§ Task goal: Down to the last line, set down the material below exactly; skip the pictures.

== Supplied data ==

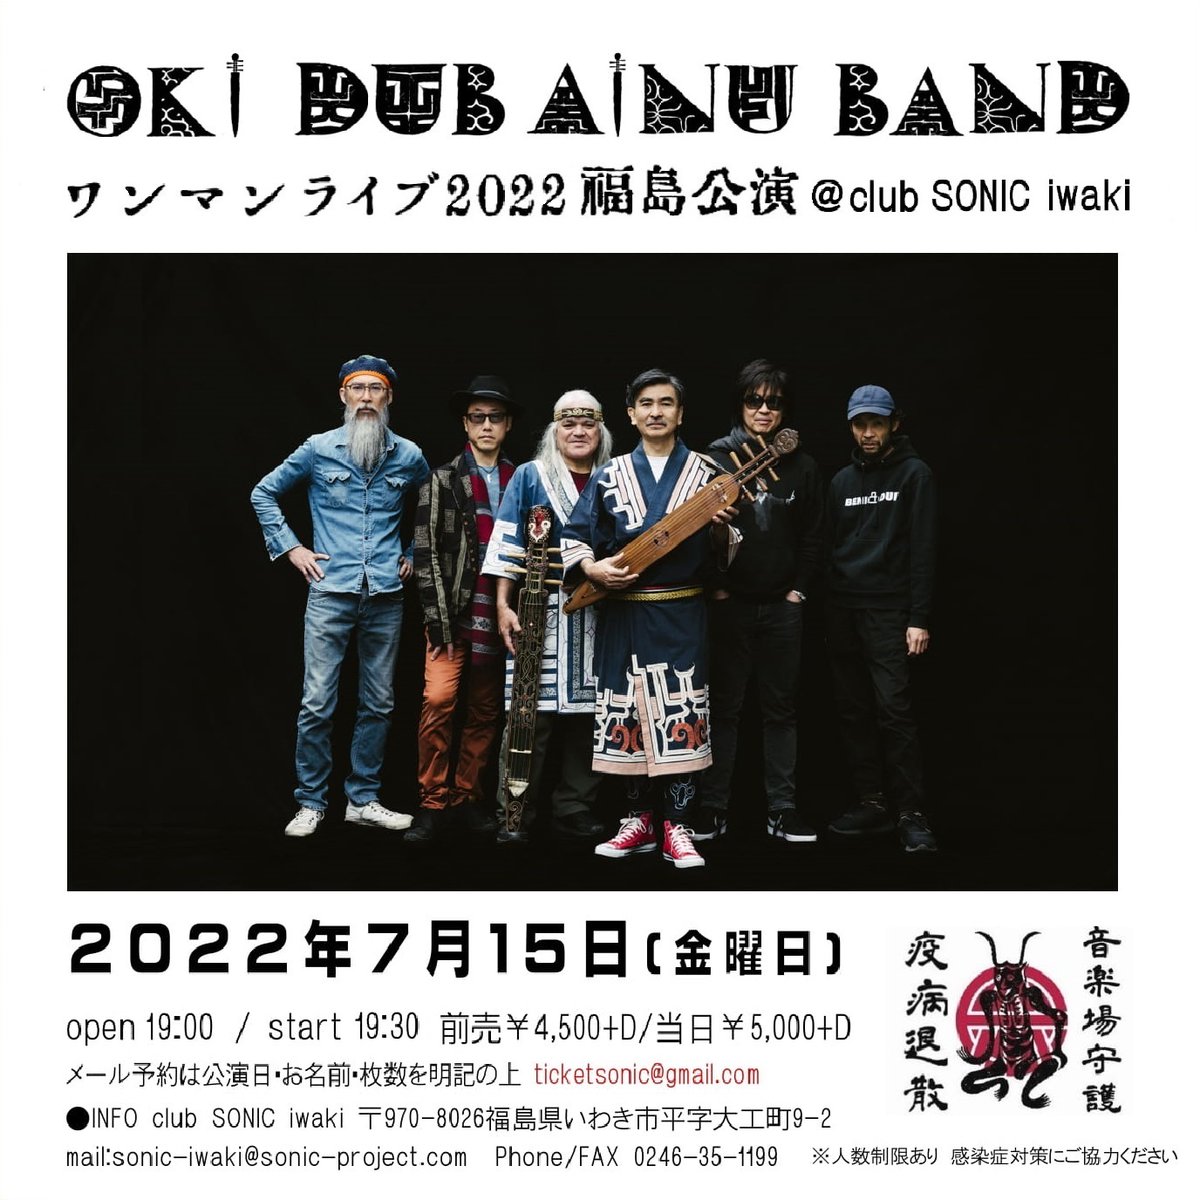 7/15(金)OKI DUB AINU BAND 福島公演@club SONIC iwaki
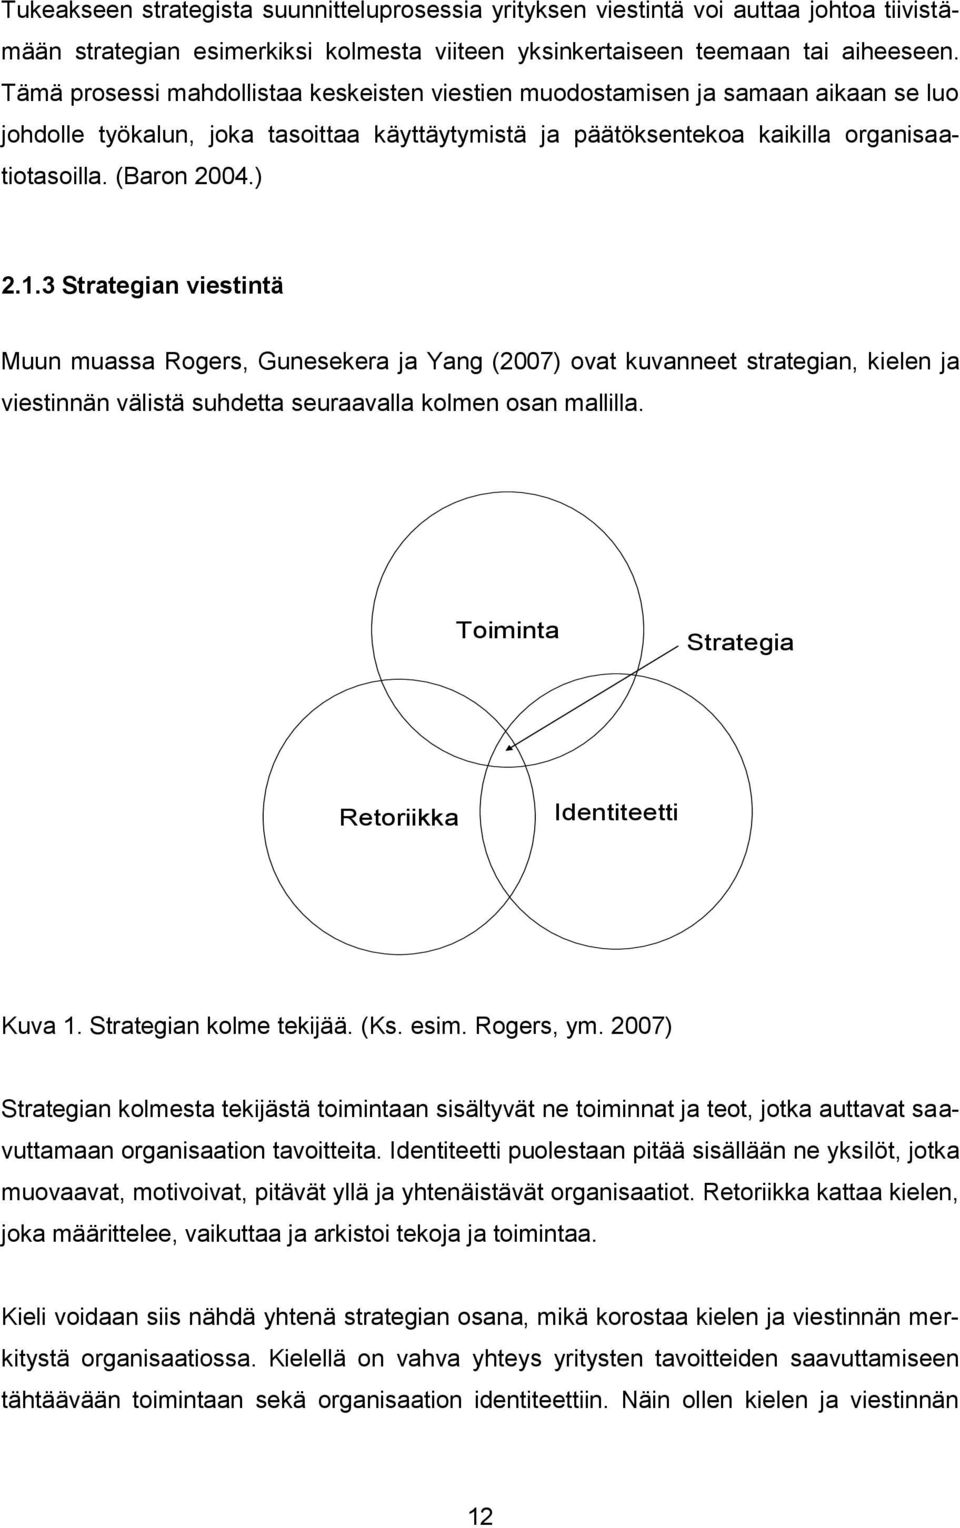 1.3 Strategian viestintä Muun muassa Rogers, Gunesekera ja Yang (2007) ovat kuvanneet strategian, kielen ja viestinnän välistä suhdetta seuraavalla kolmen osan mallilla.
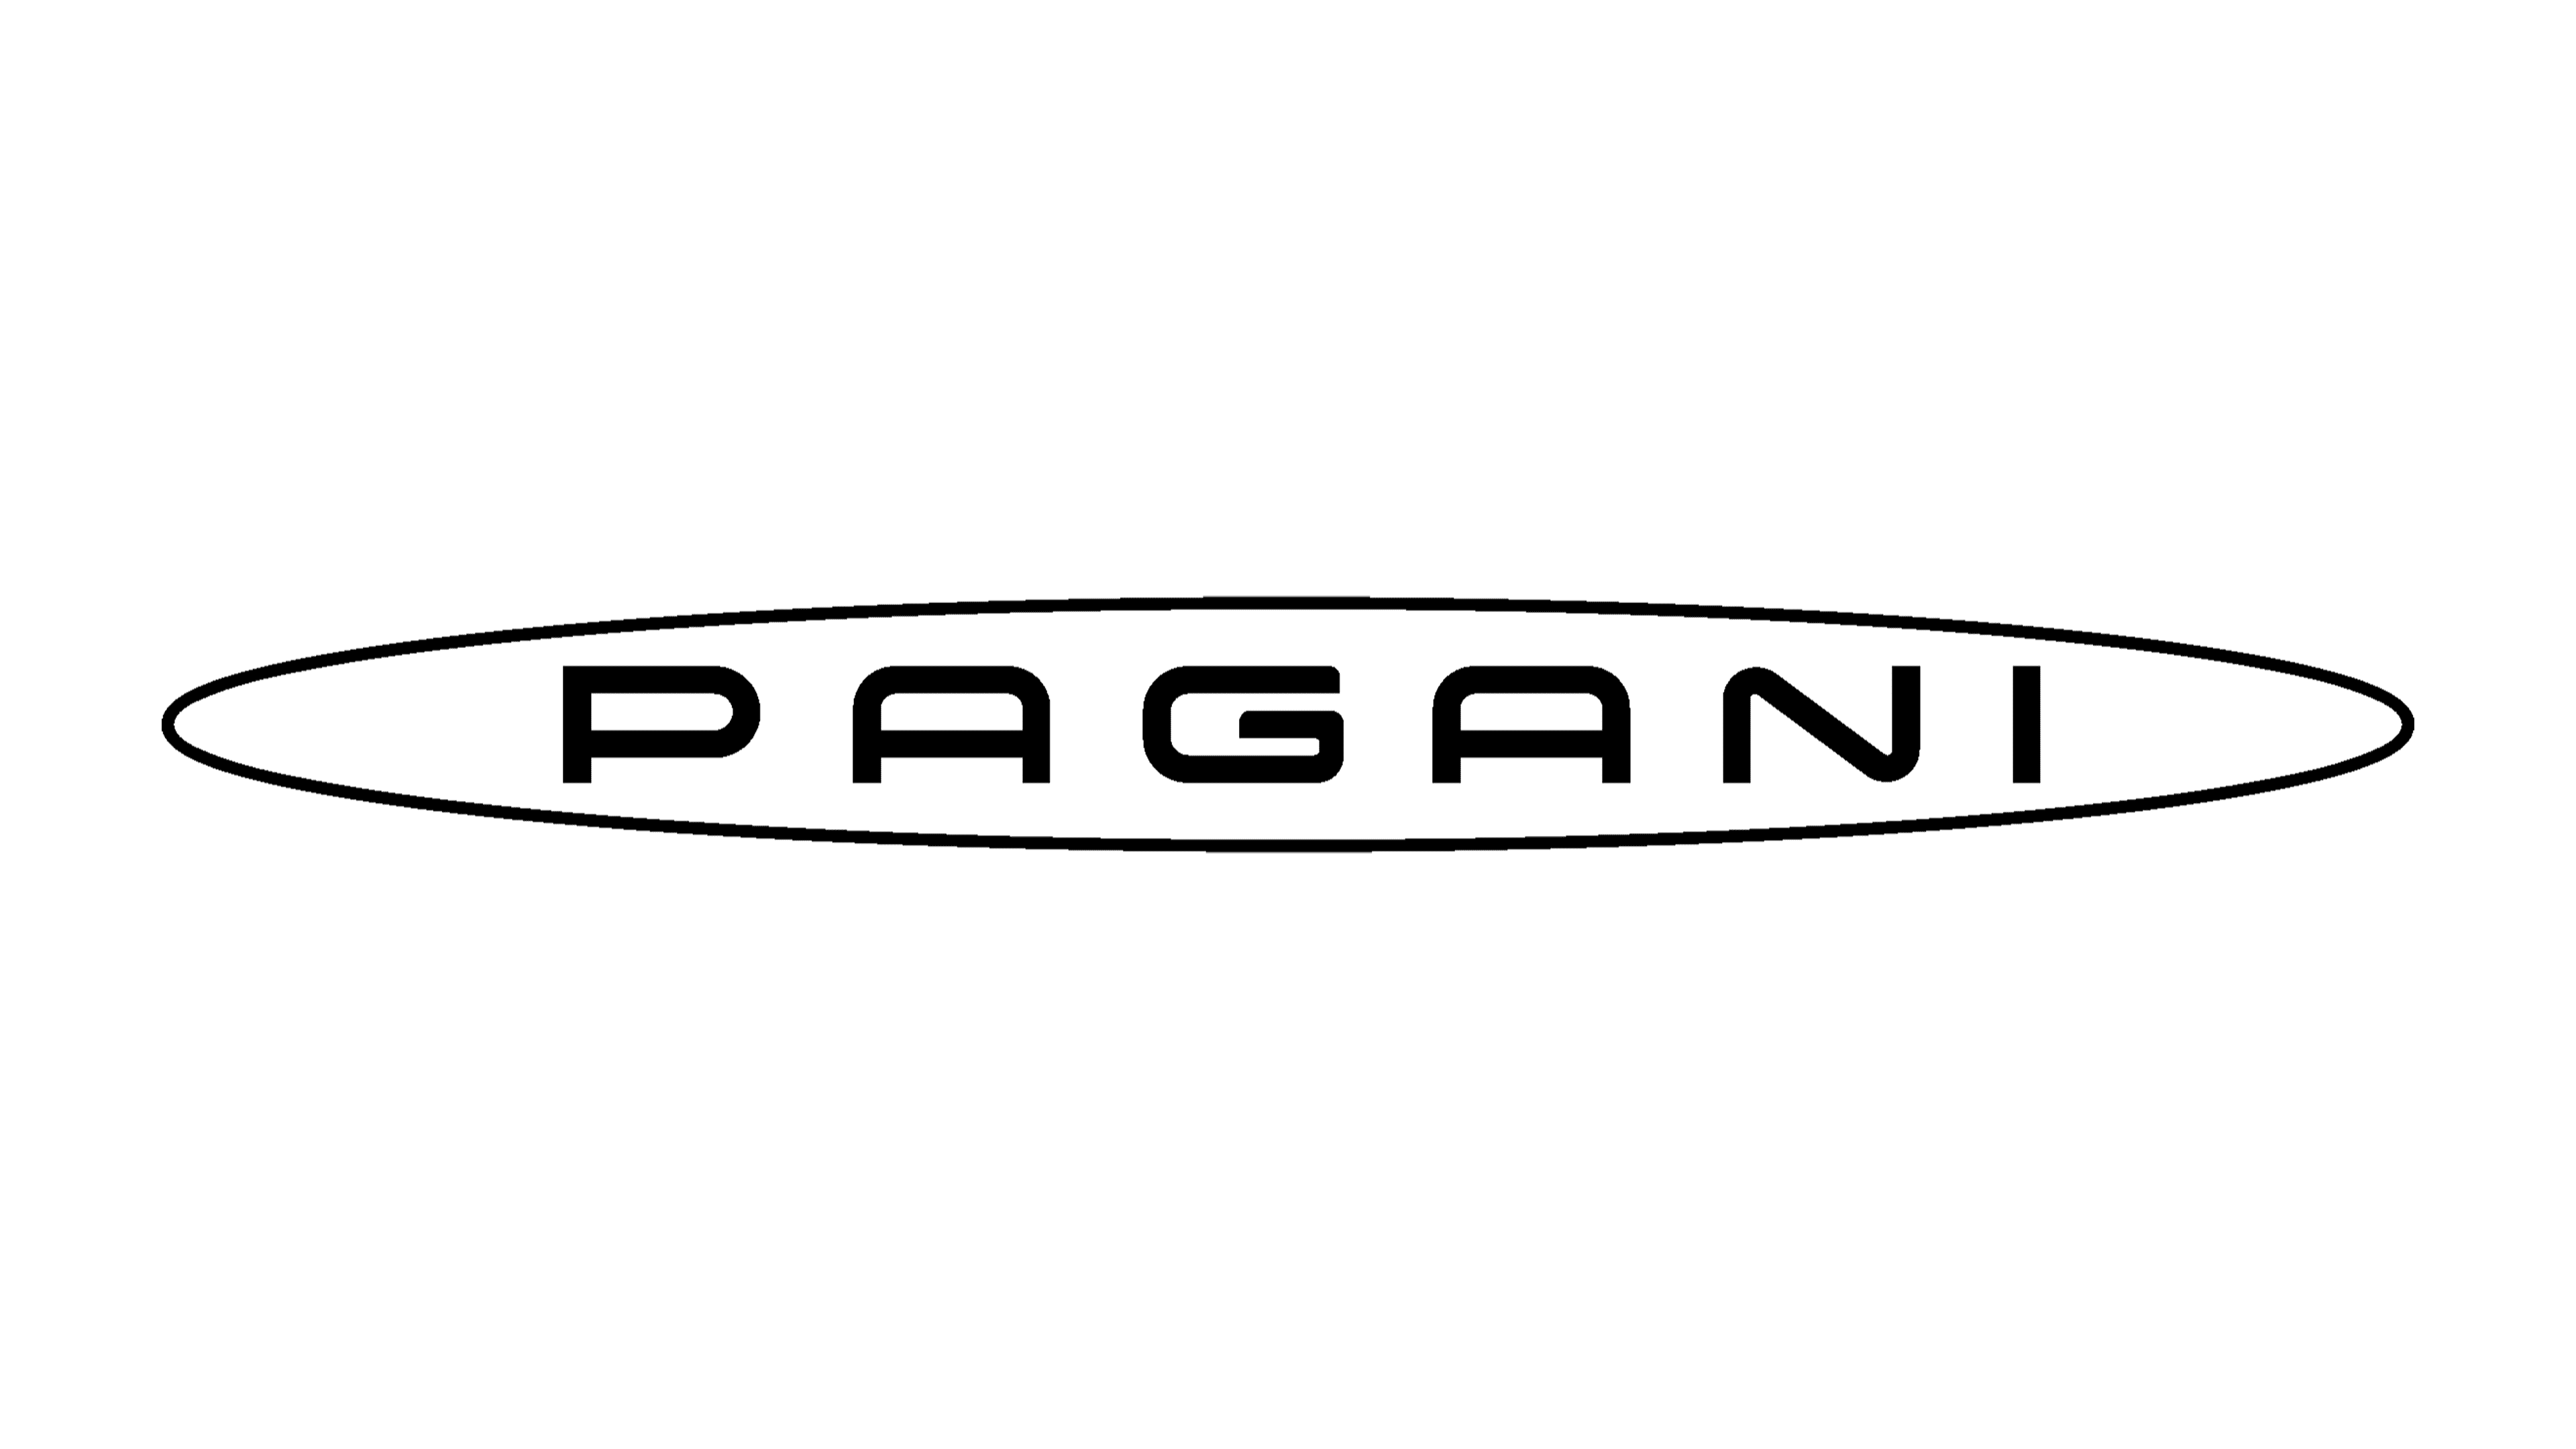 PAGANI LED WALL LIGHT UP GARAGE SIGN PETROL GASOLINE CAR LOGO ZONDA HUAYRA  BC | eBay

===

§ Written response:
 7/15(金)OKI DUB AINU BAND 福島公演@club SONIC iwaki
 1.3 Strategian viestintä Muun muassa Rogers, Gunesekera ja Yang (2007) ovat kuvanneet strategian, kielen ja viestinnän välistä suhdetta seuraavalla kolmen osan mallilla.
 PAGANI LED WALL LIGHT UP GARAGE SIGN PETROL GASOLINE CAR LOGO ZONDA HUAYRA  BC | eBay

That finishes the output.